__DATA FOR THIS TASK__.
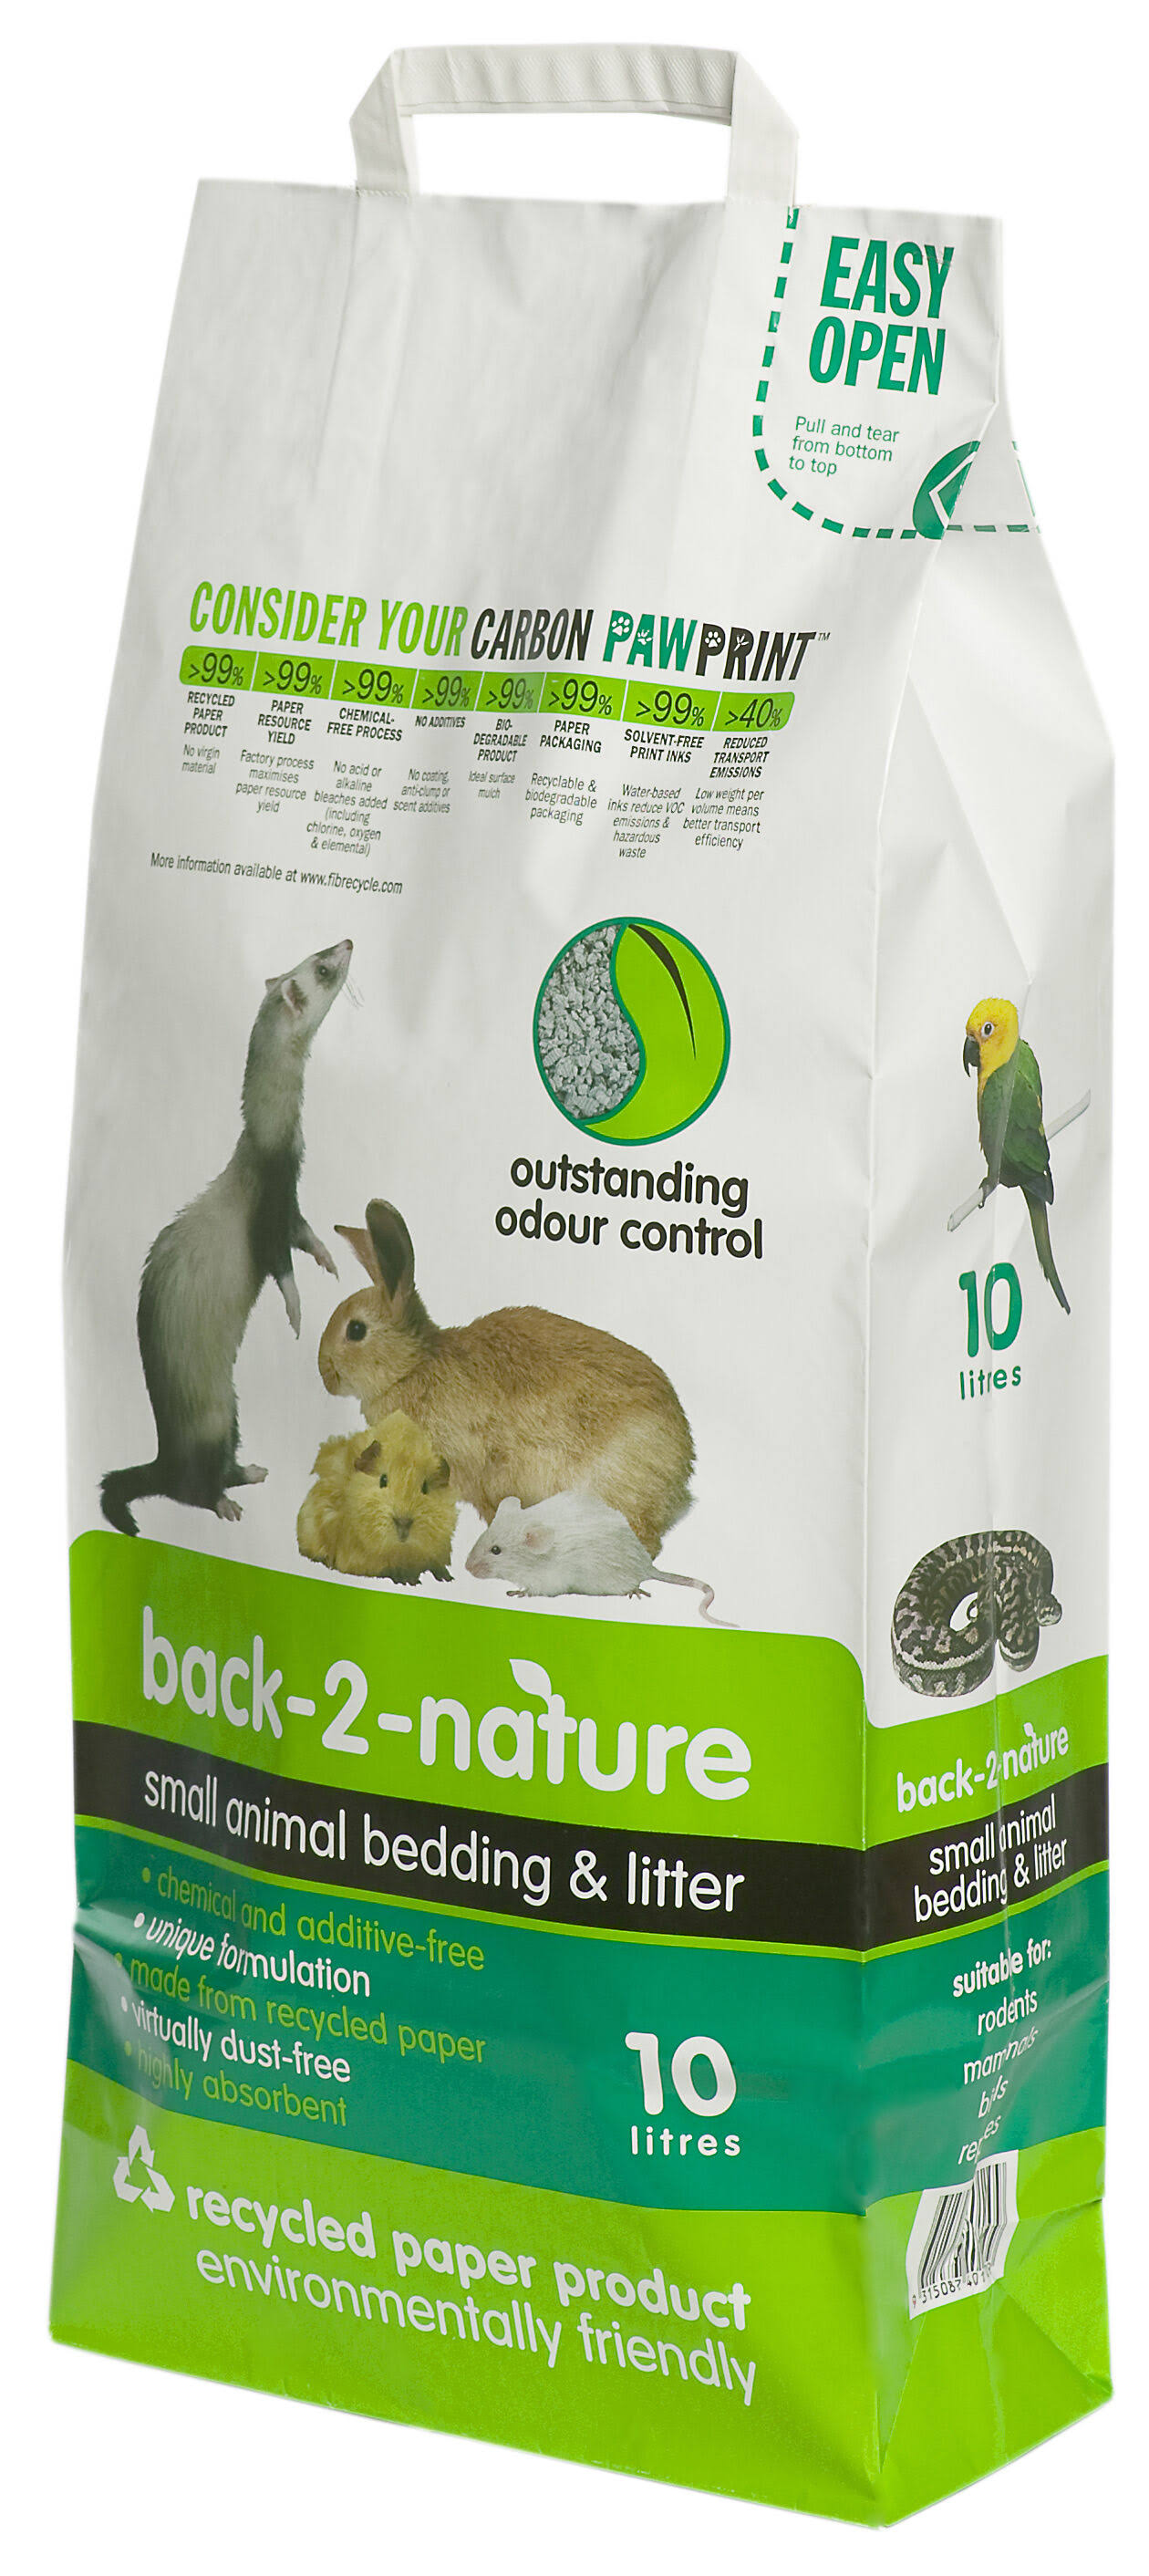 Back 2 Nature Small Animal Bedding & Litter - 30 L
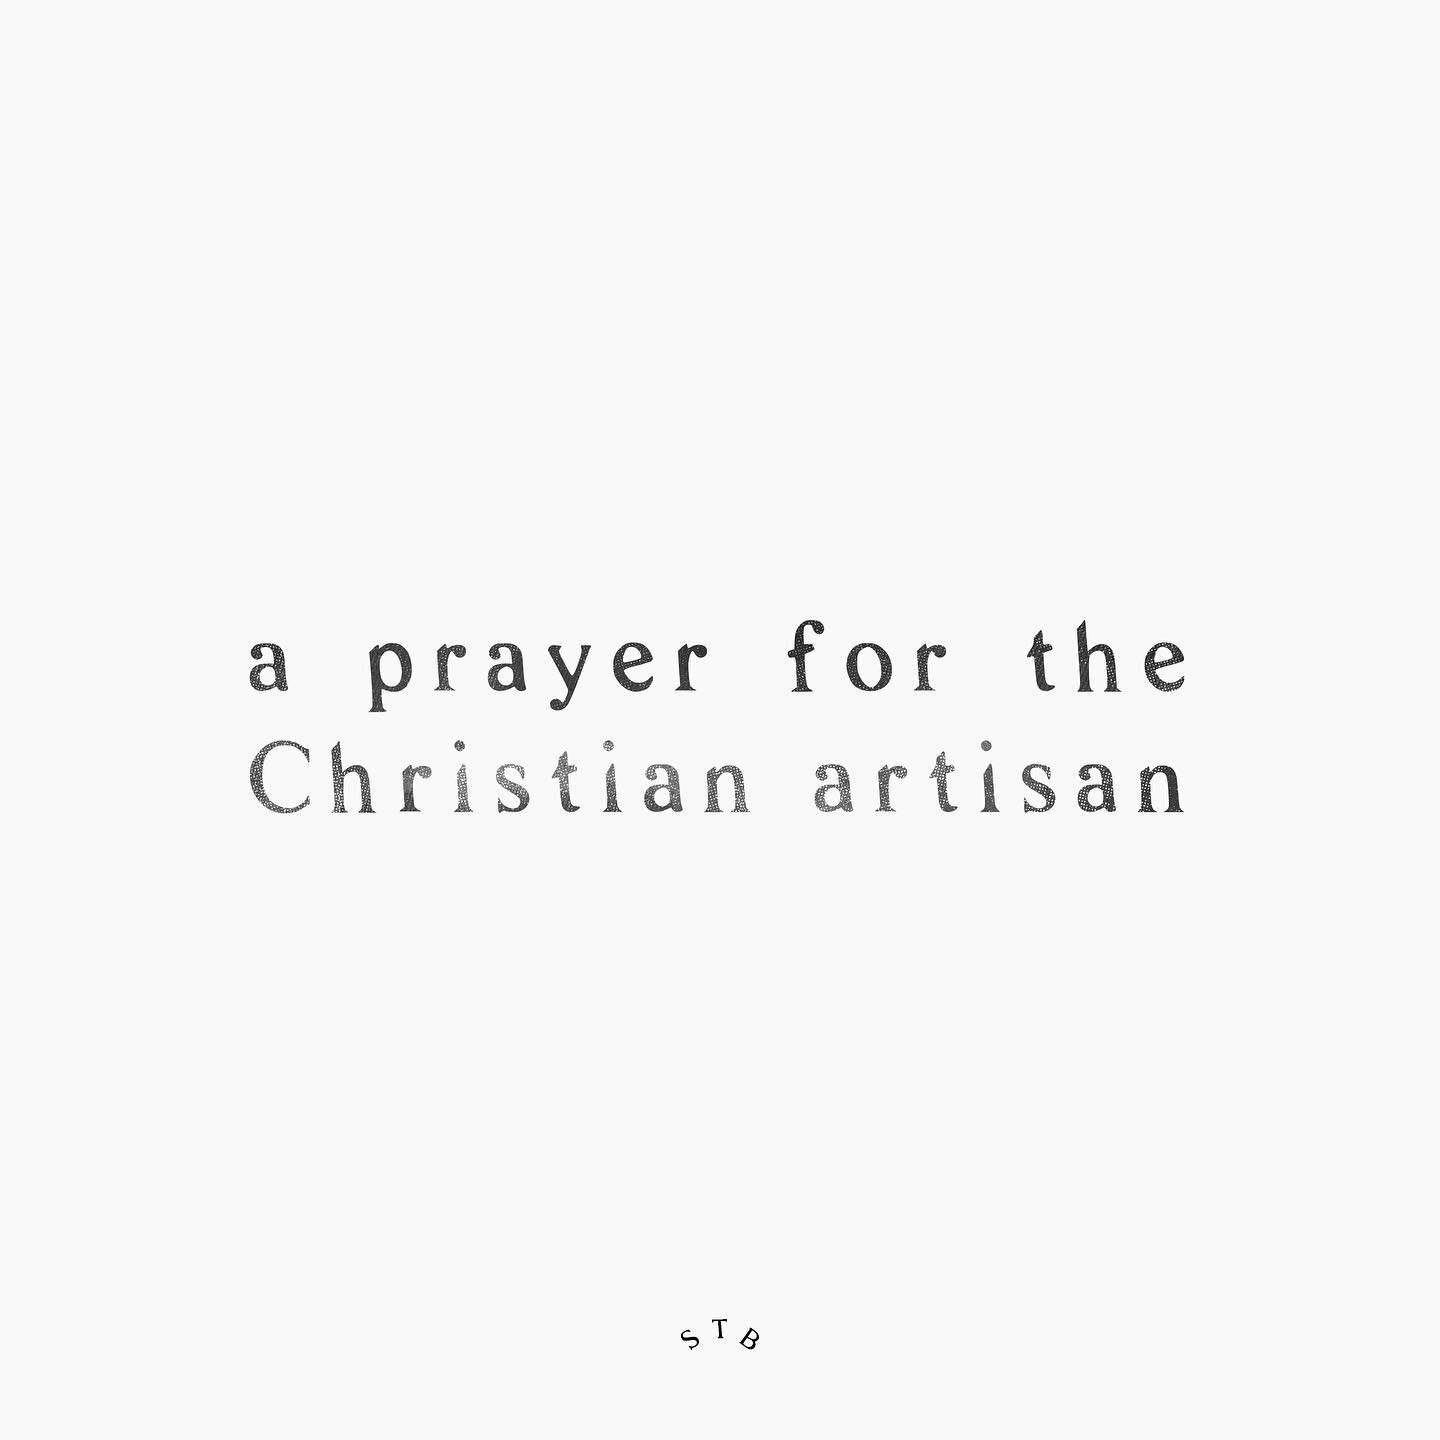 &mdash;A prayer for the Christian artisan&mdash;

Lord,

May I create symbol that tells story.

May I tell story that echoes Story.

That what I create may find its place in the long narrative of humanity and God.

Of infinite and infinite meeting.

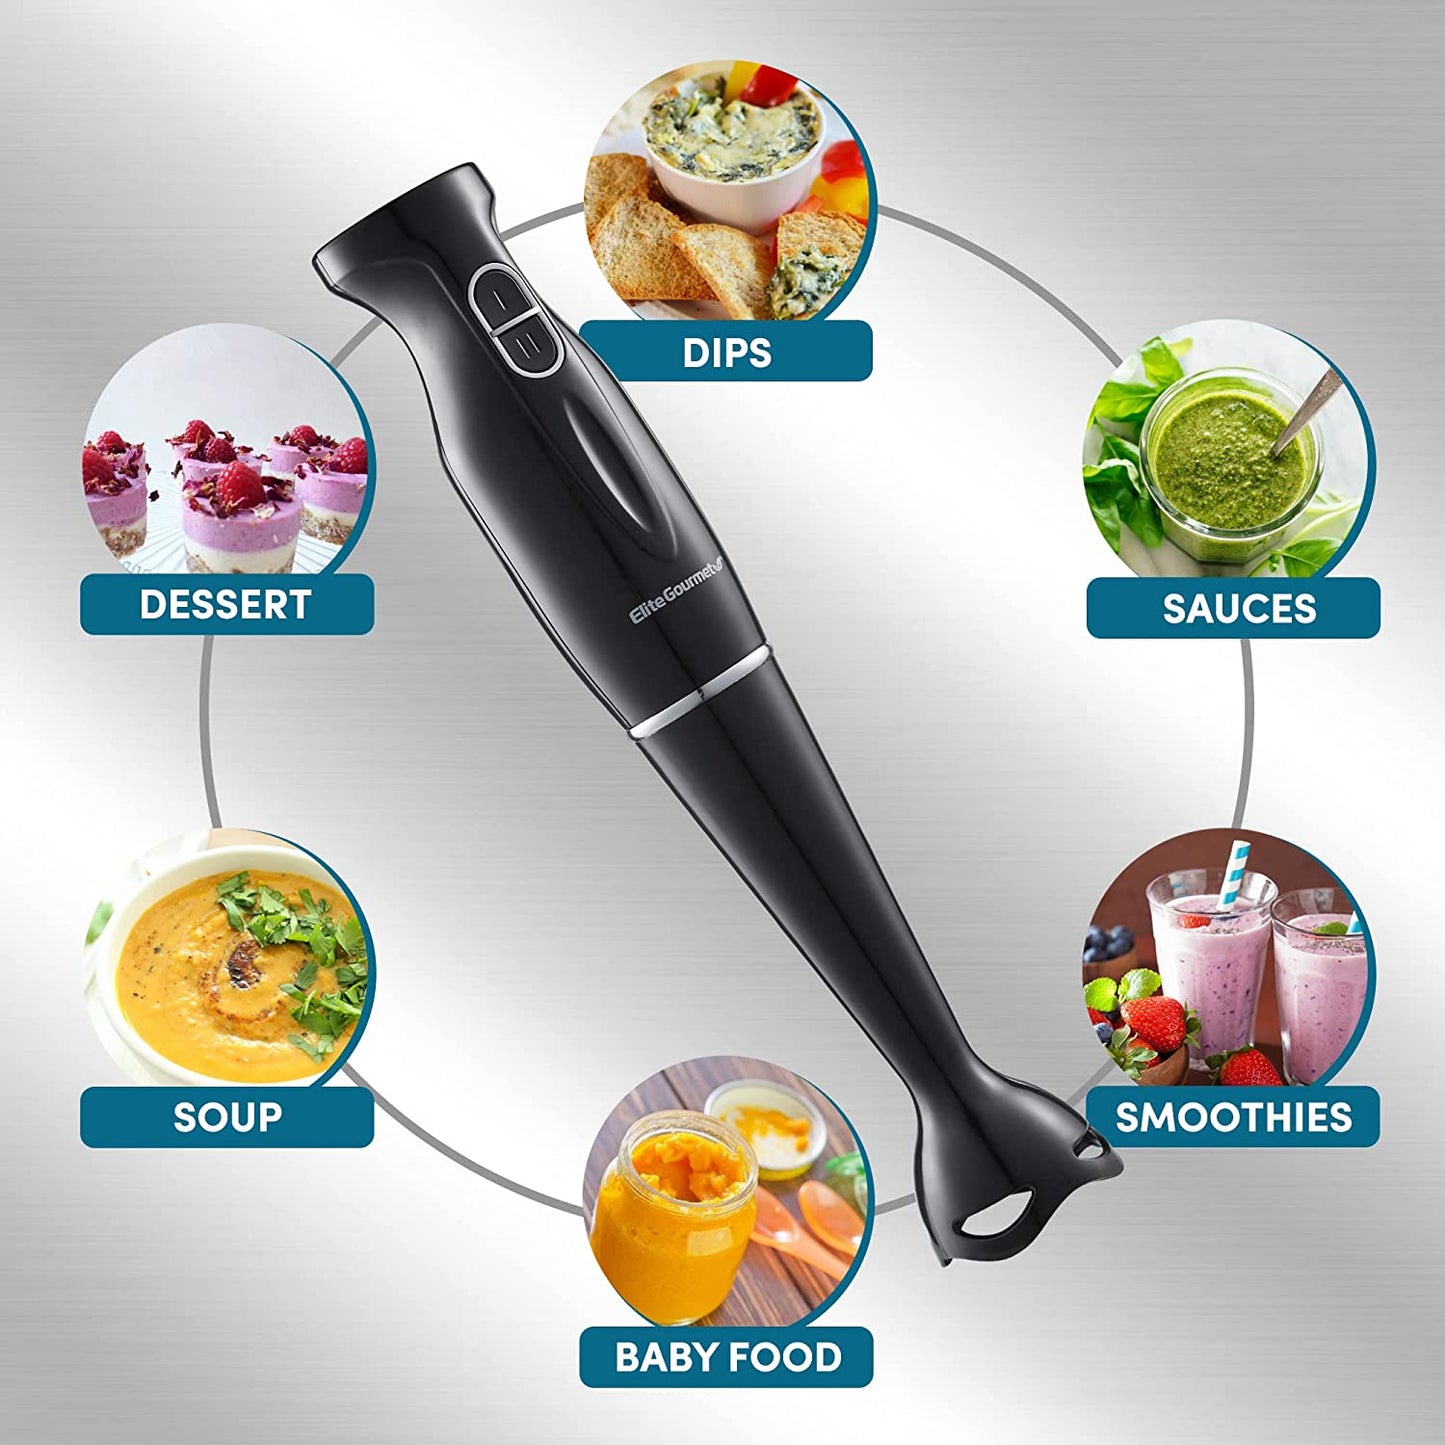 Elite Gourmet EHB1023 Immersion Hand Blender 300 Watts 2 Speed Mixing with Detachable Blades, Detachable Wand Stick Mixer, Smoothies, Baby Food, Soup, Black  Elite Gourmet

__DIRECTIONS FOR THIS TASK__. From the data above, pick out each line containing "create" and copy it.

__FINISHED EXERCISE__.
May I create symbol that tells story.
That what I create may find its place in the long narrative of humanity and God.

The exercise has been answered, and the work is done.